Transforming Change Data Capture (CDC) into Type 2 SCD in dbt
Change Data Capture (CDC) tracks every insert, update, and delete in a source system. It’s an excellent mechanism for data movement — keeping systems synchronized and detecting changes efficiently.
However, CDC streams are not designed for analytical queries. They tell you what changed and when, but not what was valid at a given point in time. For reporting and dimensional modeling, we often need a more structured history. That’s where Type 2 Slowly Changing Dimensions (SCD2) come in.
Why transform CDC into Type 2 SCD?
CDC data is typically event-based rather than state-based. Consider a simple example of a person table replicated via CDC:
| id | name | cdc_operation | cdc_seq | row_valid_from |
|---|---|---|---|---|
| 1 | Alice | I | 1 | 2022-01-01 |
| 1 | Alice | U | 2 | 2022-06-01 |
| 1 | Alice | D | 3 | 2023-01-01 |
While this shows that Alice was inserted, updated, and later deleted, it doesn’t define her validity periods in a way that can be queried historically.

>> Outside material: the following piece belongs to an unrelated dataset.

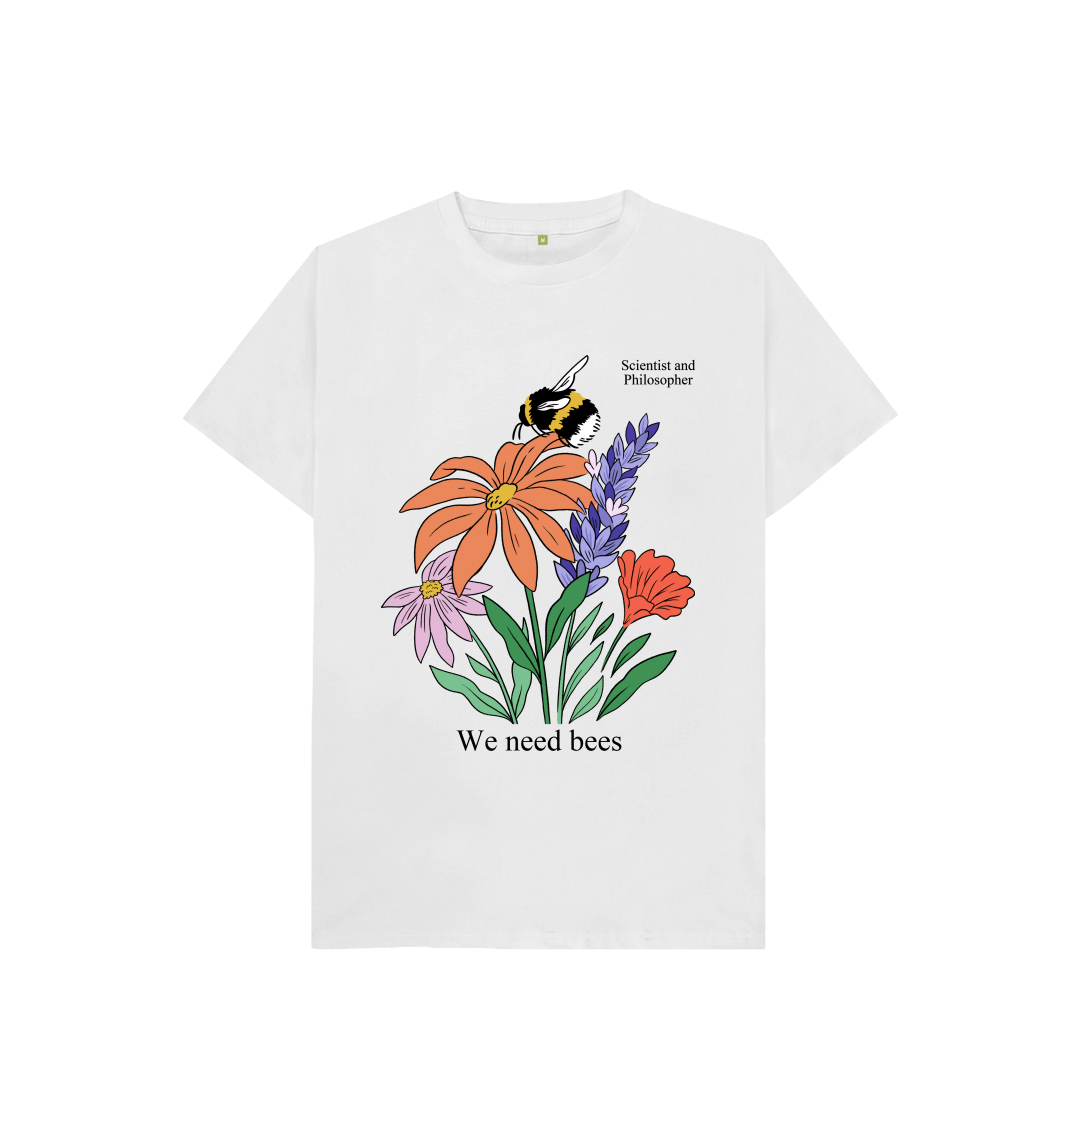 We need bees – Organic cotton T-shirt for children

By transforming this stream into a Type 2 SCD, we gain:
- Historical tracking — each change defines a valid time range (
row_valid_from→row_valid_to) - Point-in-time analysis — we can easily ask “what was true as of this date?”
- Efficient incremental updates — only rebuild entities that changed
- Analytical clarity — redundant or empty CDC delete events are excluded, since they hold no business content
This dbt macro converts CDC-formatted data into a Type 2 SCD table. It handles incremental loading, validity periods, and active flagging automatically.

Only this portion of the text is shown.